### Work to complete
In the listing below, locate the line with "Barovier e Toso" and the line with "vidrio bullican&hellip;", then output both and everything between them exactly, minus any pictures.

### Data in this exercise

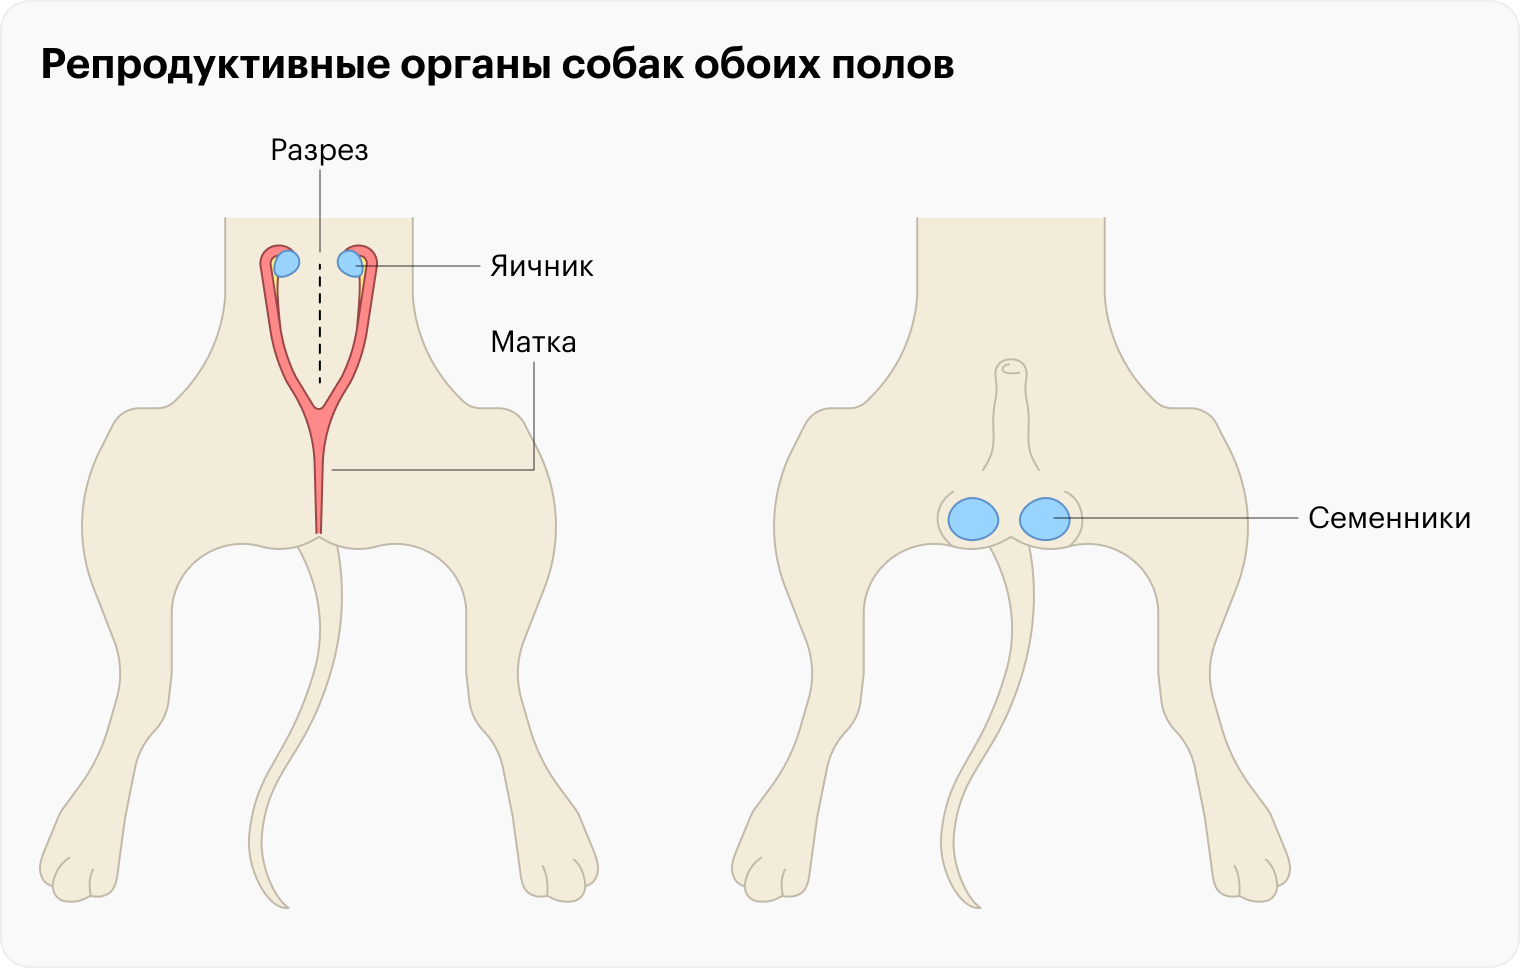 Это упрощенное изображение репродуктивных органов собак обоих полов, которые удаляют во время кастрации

--

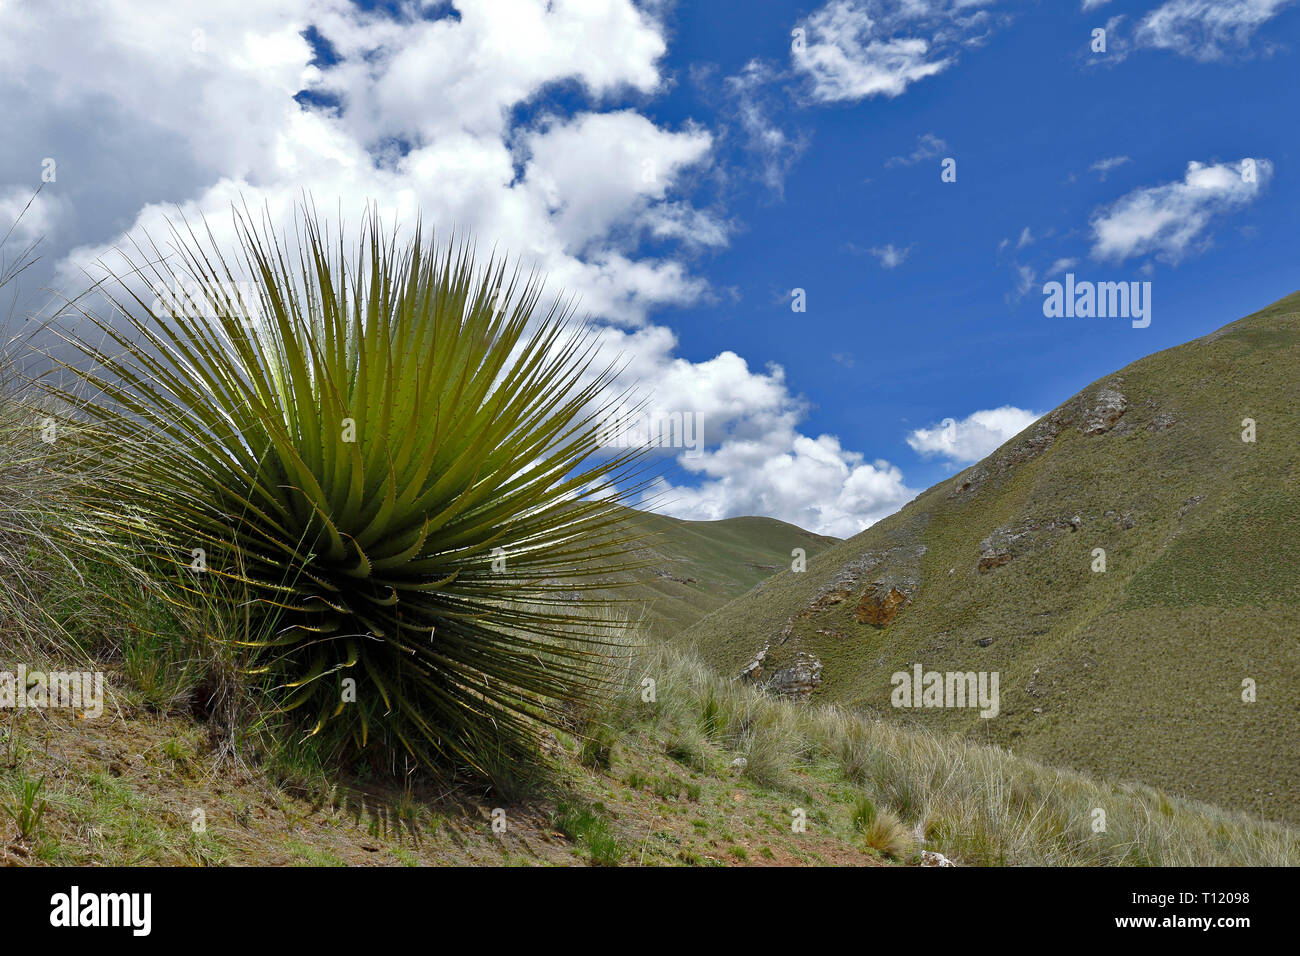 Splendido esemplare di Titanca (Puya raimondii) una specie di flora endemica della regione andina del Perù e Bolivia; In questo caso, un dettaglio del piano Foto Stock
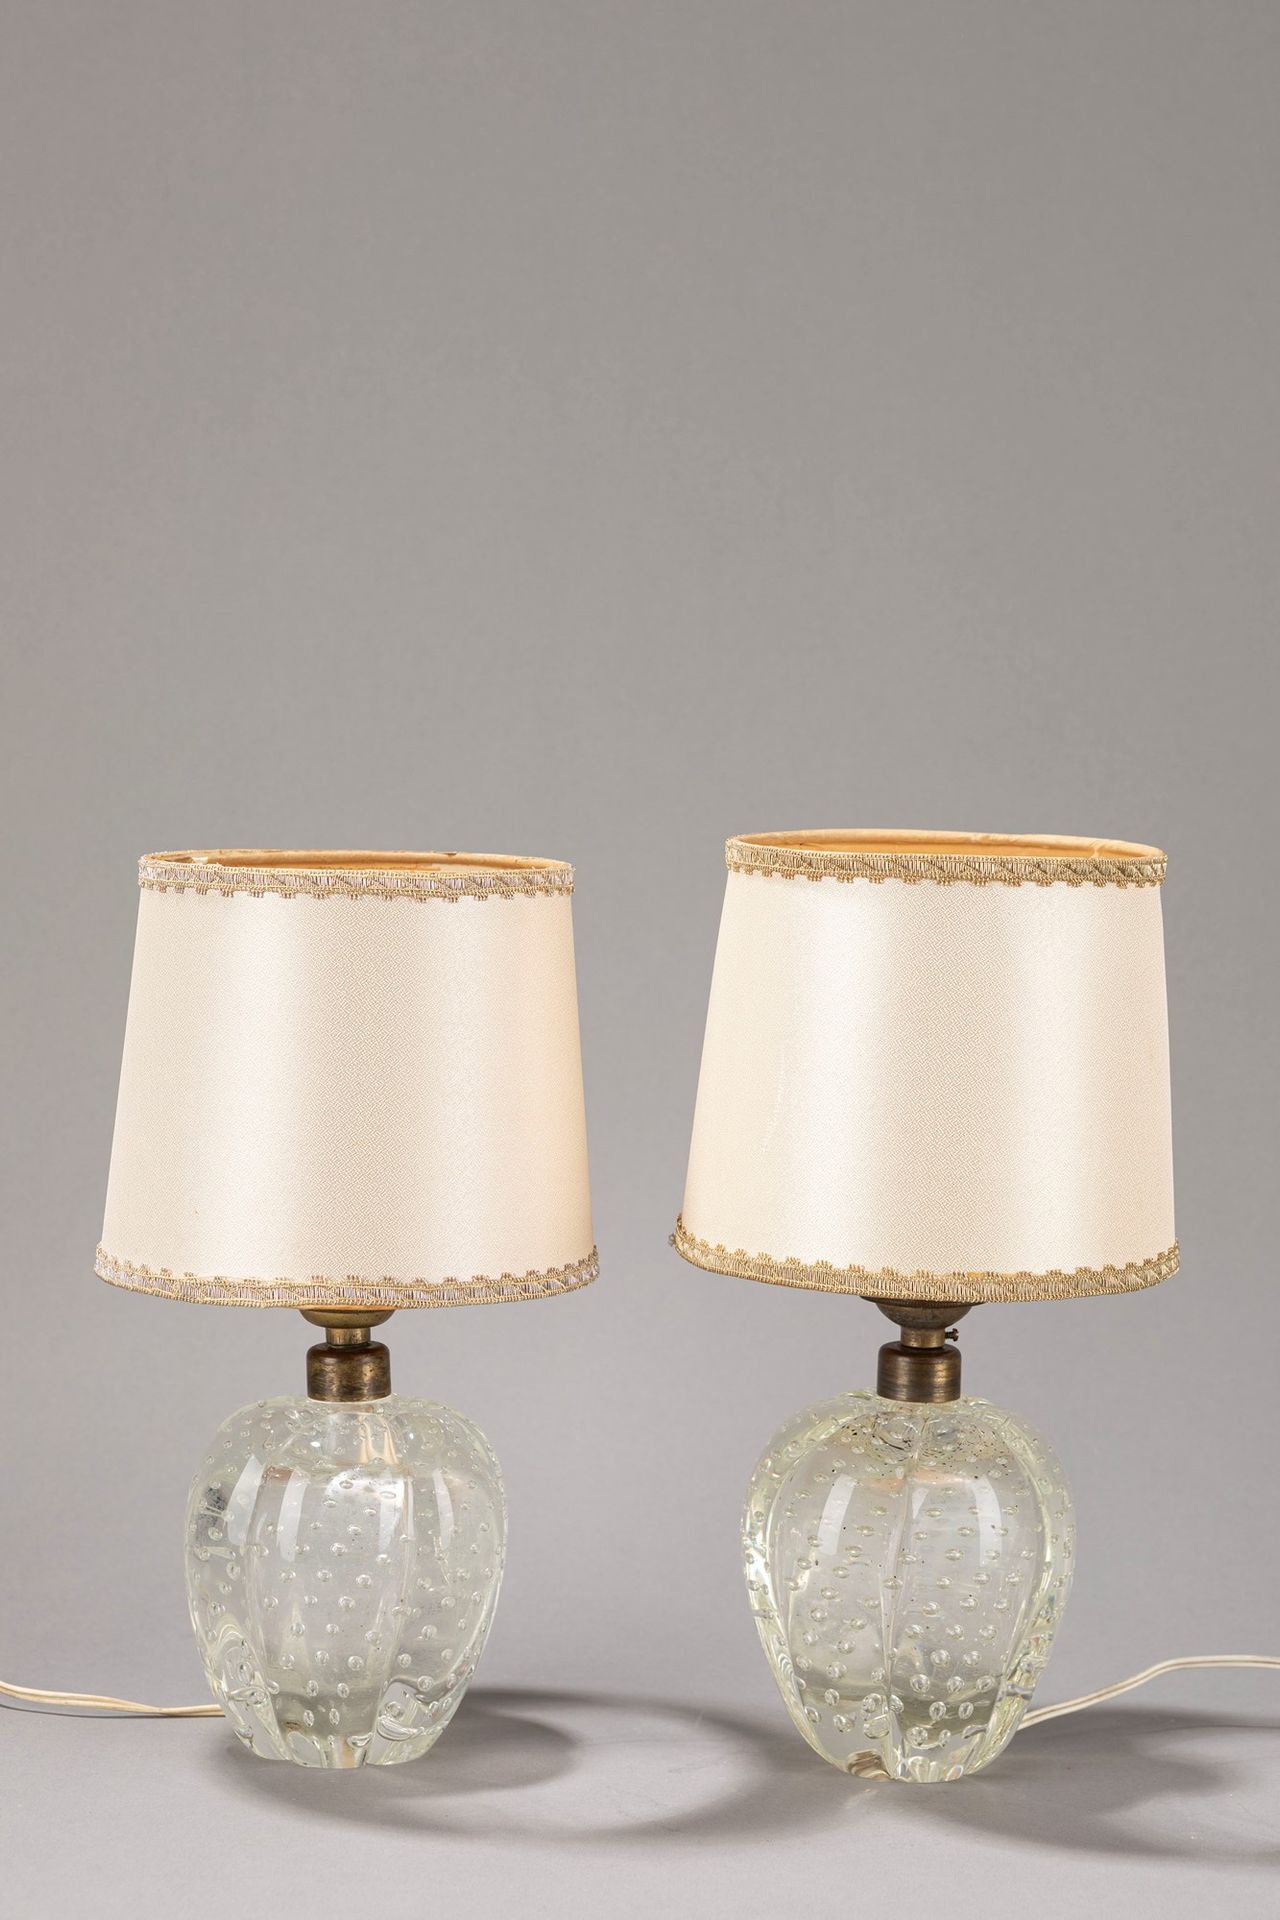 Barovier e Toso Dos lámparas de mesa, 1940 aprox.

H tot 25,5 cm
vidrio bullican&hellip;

### Answer section
 Barovier e Toso Dos lámparas de mesa, 1940 aprox.

H tot 25,5 cm
vidrio bullican&hellip;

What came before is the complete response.